Develop three potential research topics. Include the following for each topic:
- A brief description of the topic
- A statement about your motivation for investigating this topic
- The potential audience(s), i.e., who might be most interested in this research?
- Two or three potential research questions you could analyze about this topic. (Note: These are draft questions at this point. You will finalize the questions in the next stage of the project.)
- Ideas about the type of data you might use to answer this question or potential data sets you’re interested in using. (Note: The goal is to generate ideas at this point, so it is fine if you have not identified any particular data sets at this point.)
Turn-in: Write your responses in research-topics.qmd in your team’s project GitHub repo. Push the qmd and rendered pdf documents to GitHub by the deadline, Tuesday, September 30 at 5:00pm. There is no Gradescope submission.
Project proposal
The purpose of the project proposal is for your team to identify the data set you’re interested in analyzing to investigate one of your potential research topics. You will also do some preliminary exploration of the response variable and begin thinking about the modeling strategy. If you’re unsure where to find data, you can use the list of potential data sources here as a starting point.
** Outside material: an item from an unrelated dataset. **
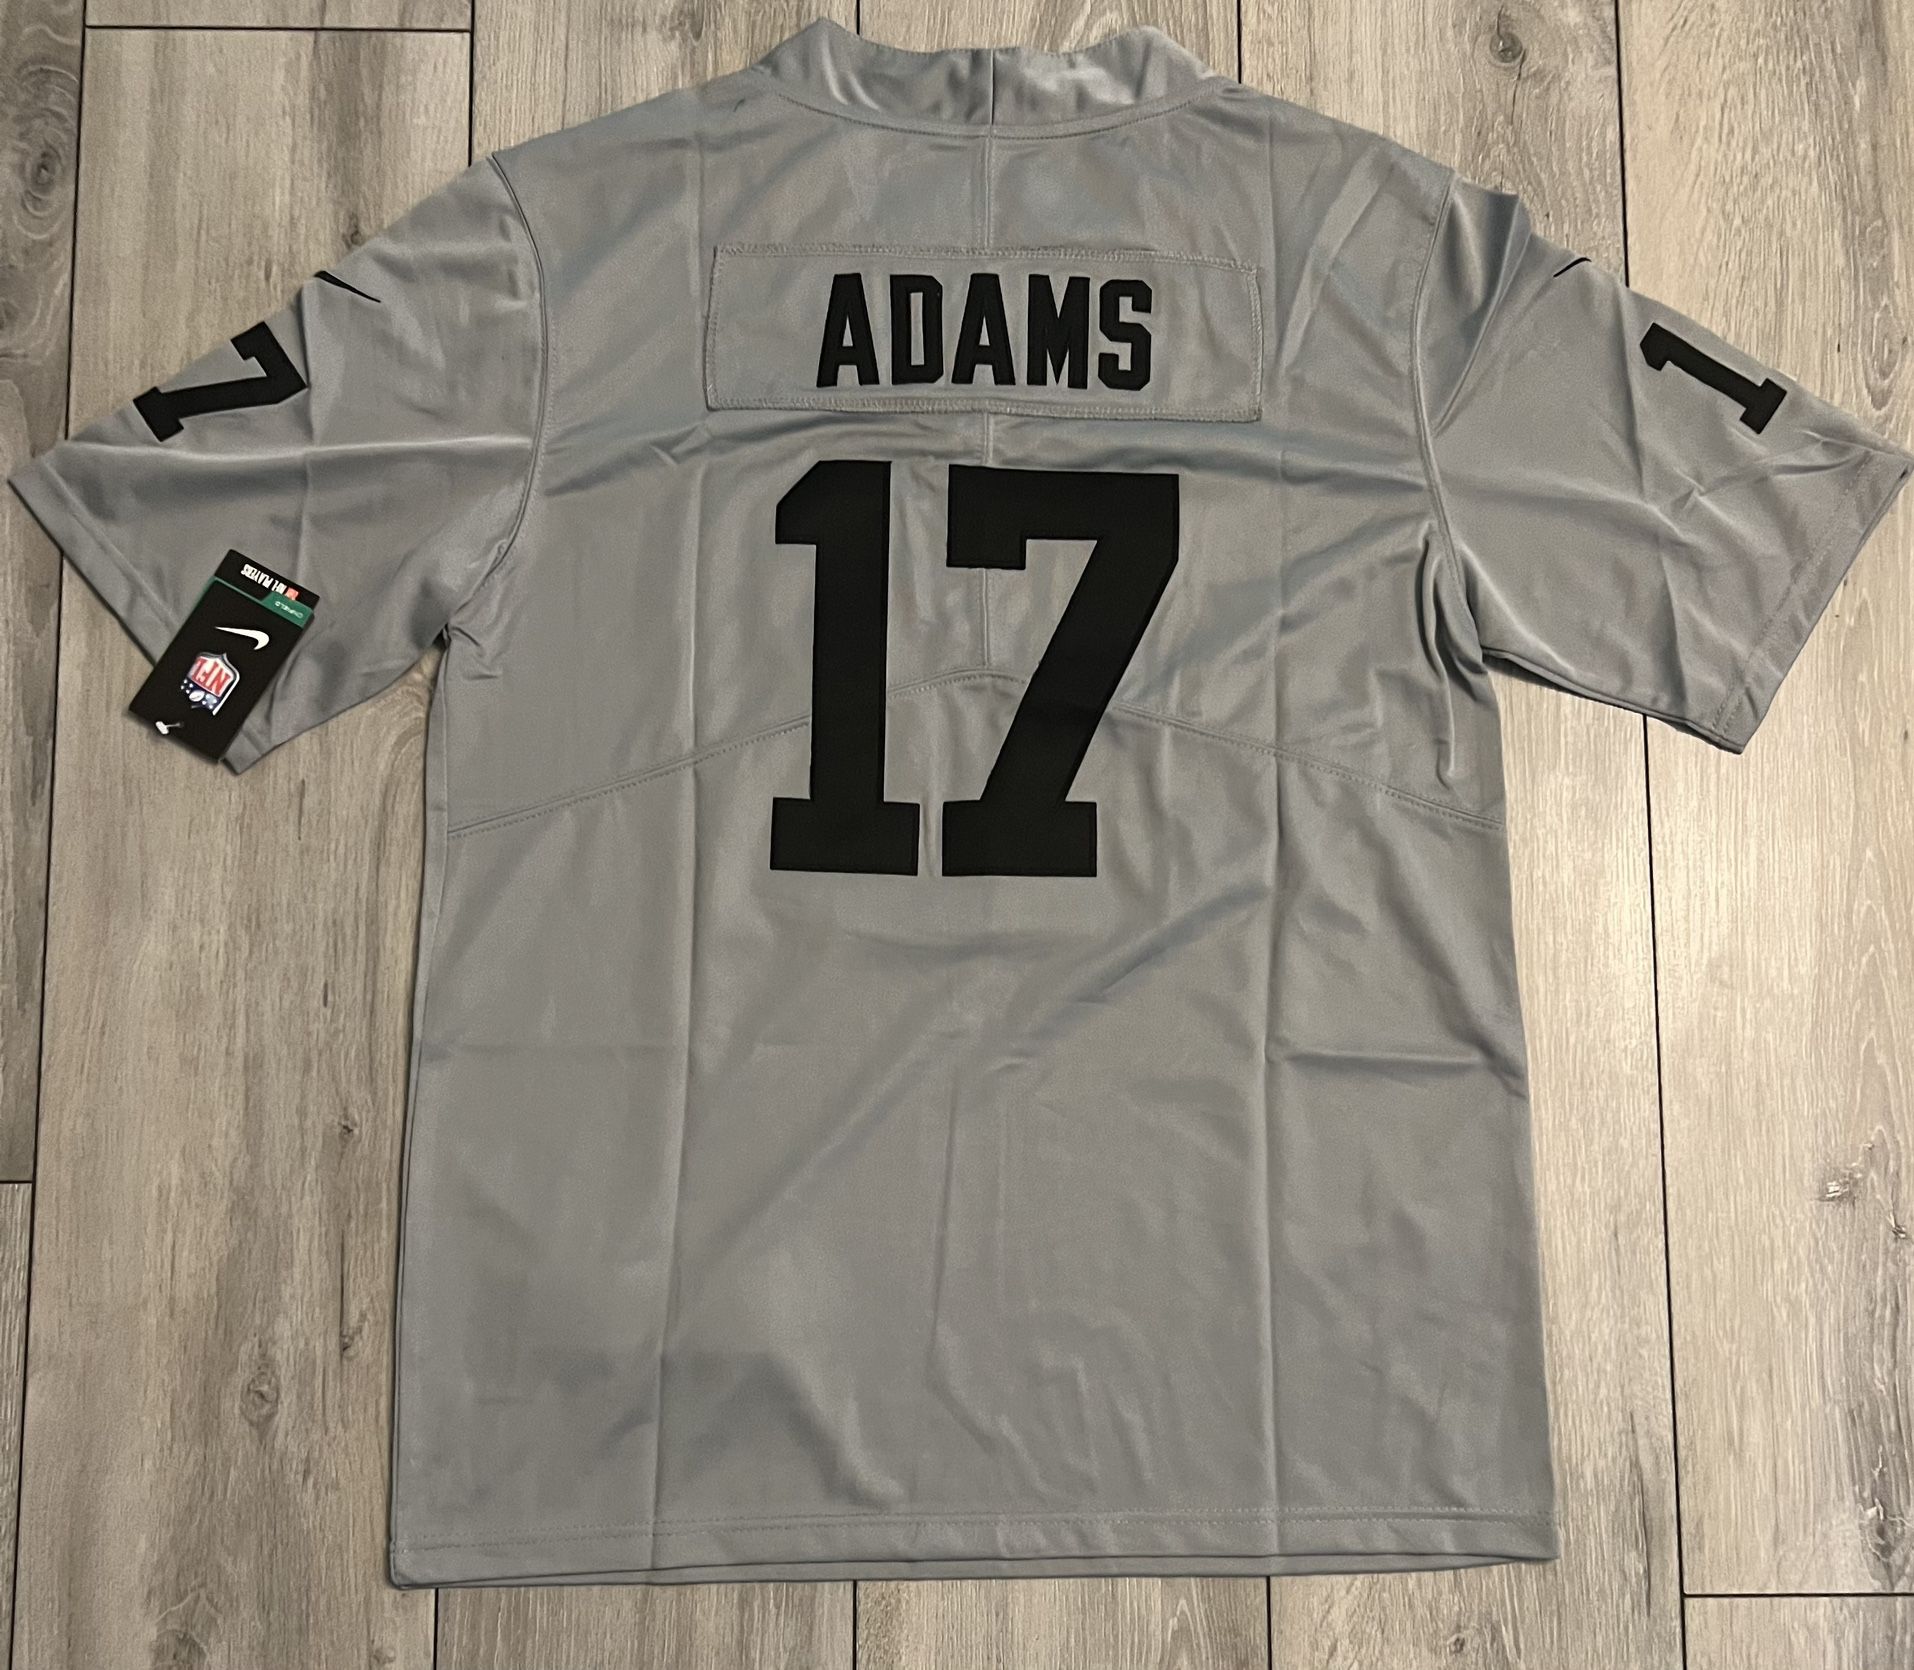 Davante Adams Jersey Las Vegas Raiders - Brand New for Sale in

You must use the data set(s) in the proposal for the final project, unless instructed otherwise when given feedback.
The data set must meet the following criteria:
At least 500 observations
At least 10 columns, such that at least 6 of the columns are useful and unique predictor variables.
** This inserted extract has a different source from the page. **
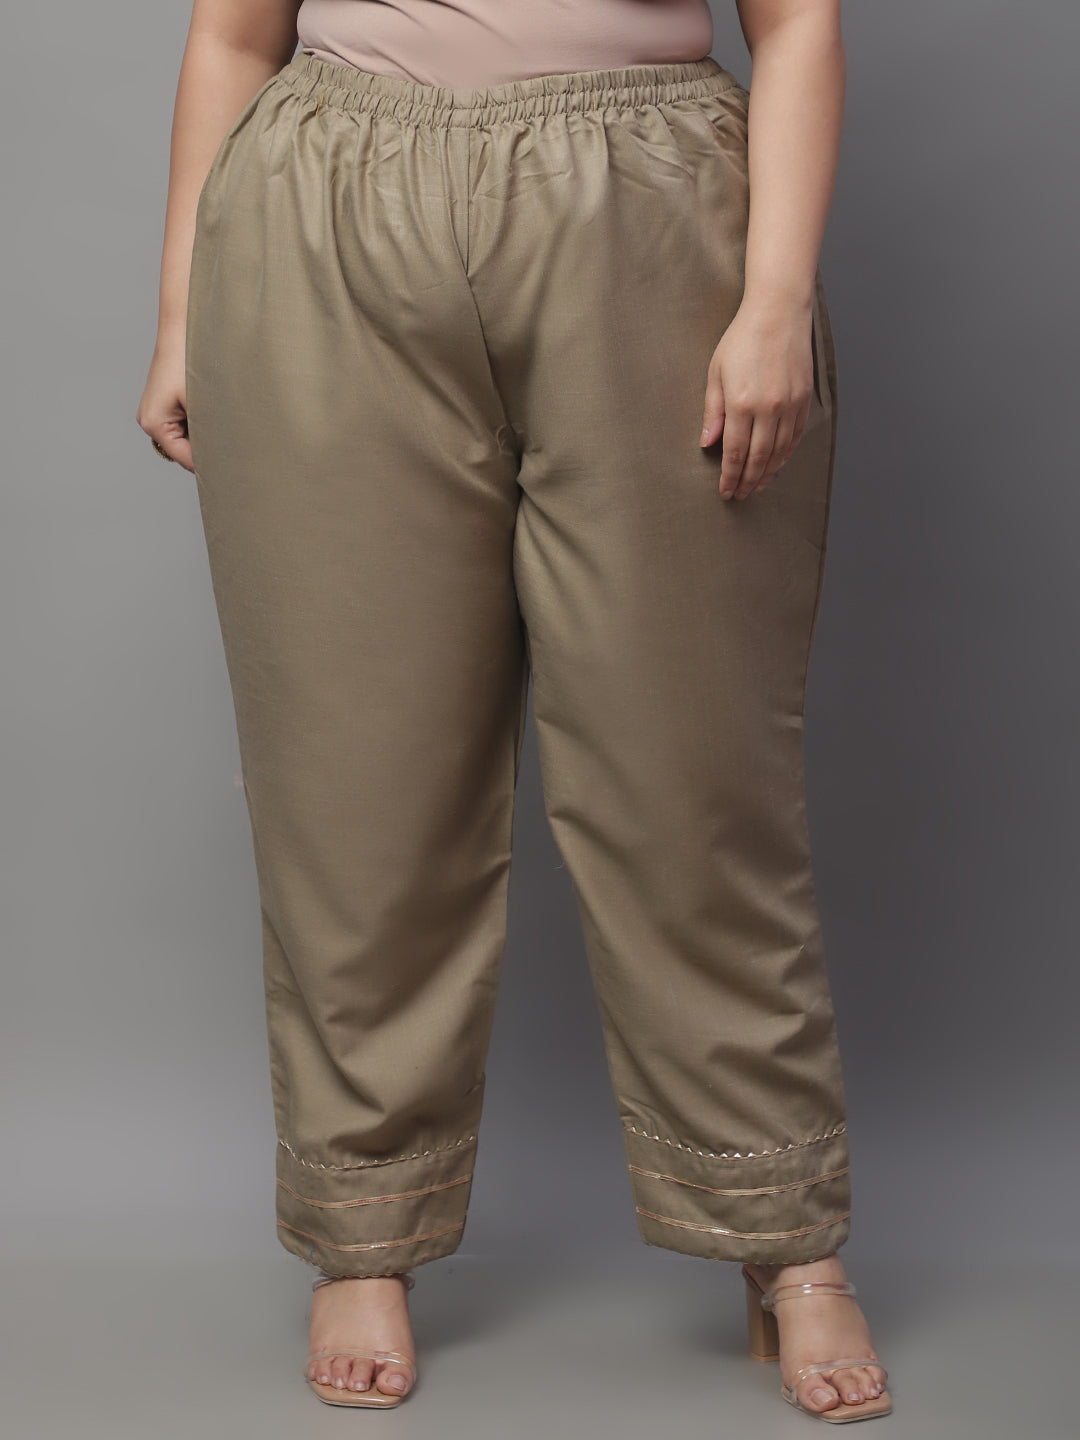 VredeVogel Women Plus Size Kurta and Trousers Pant Set Pure Silk Blend

e.g., identifier variables such as “name”, “ID number”, etc. are not useful predictor variables.
e.g., if you have multiple columns with the same information (e.g. “state abbreviation” and “state name”), then they are not unique predictors.
At least one variable that can be identified as a reasonable response variable.
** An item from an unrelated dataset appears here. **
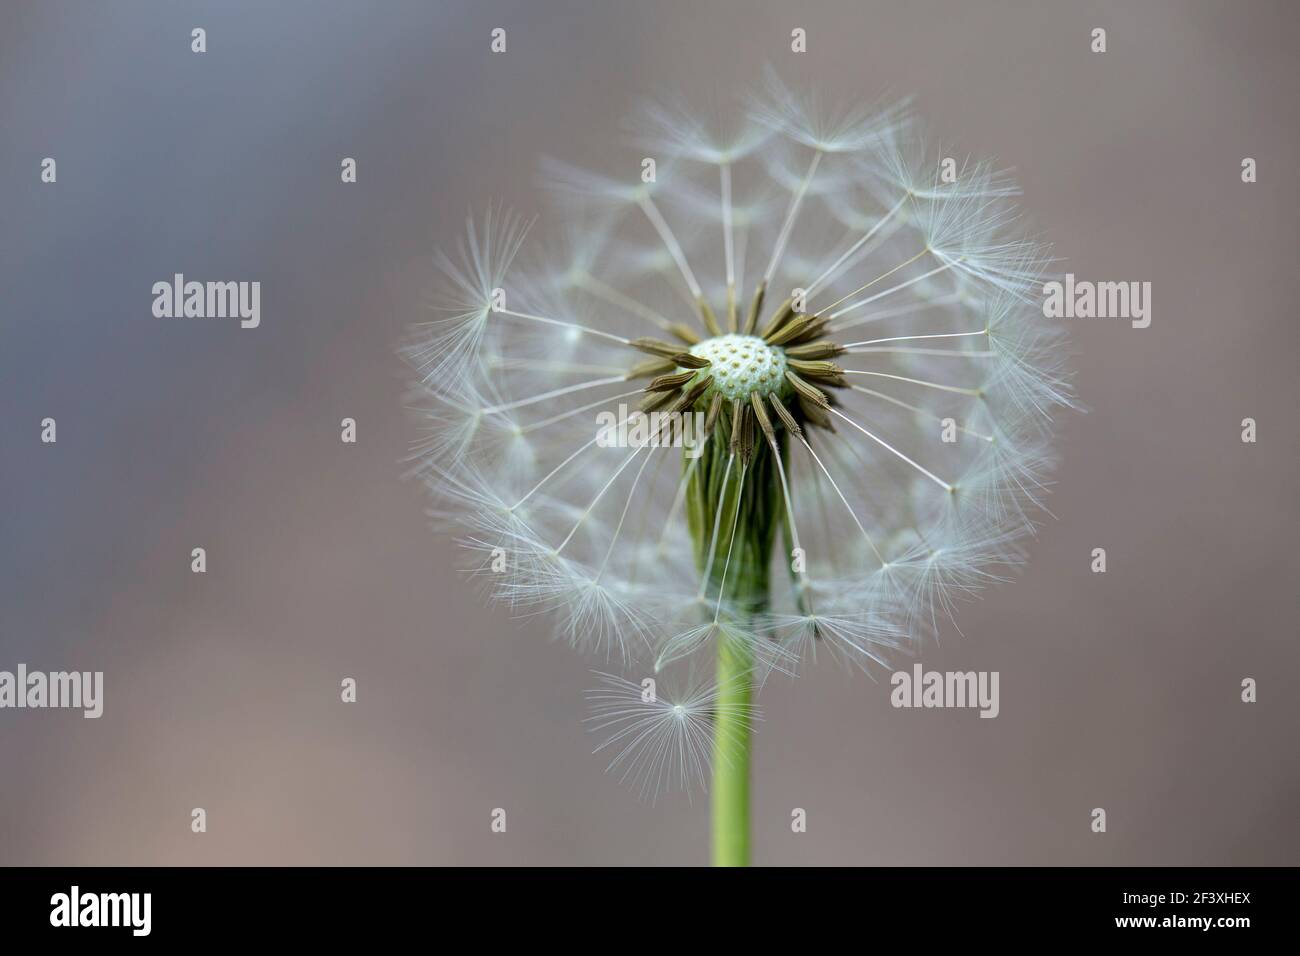 Dandelion seedhead in close-up Stock Photo

- The response variable can be quantitative or categorical.
A mix of quantitative and categorical variables that can be used as predictors.
May not be data that has previously been used in any course materials, or any derivation of data that has been used in course materials.
The project proposal should include the following:
- A statement of a research question.
- Why your research question is important.
- A description of your data
- A description of how your data will be used to answer your research question
- A description of your planned analysis (what is the outcome variable, relevant predictors, regression technique, e.g. multiple linear regression for continuous outcome vs logistic regression for a binary outcome). We will cover logistic regression in the coming weeks but you can read ahead about it here.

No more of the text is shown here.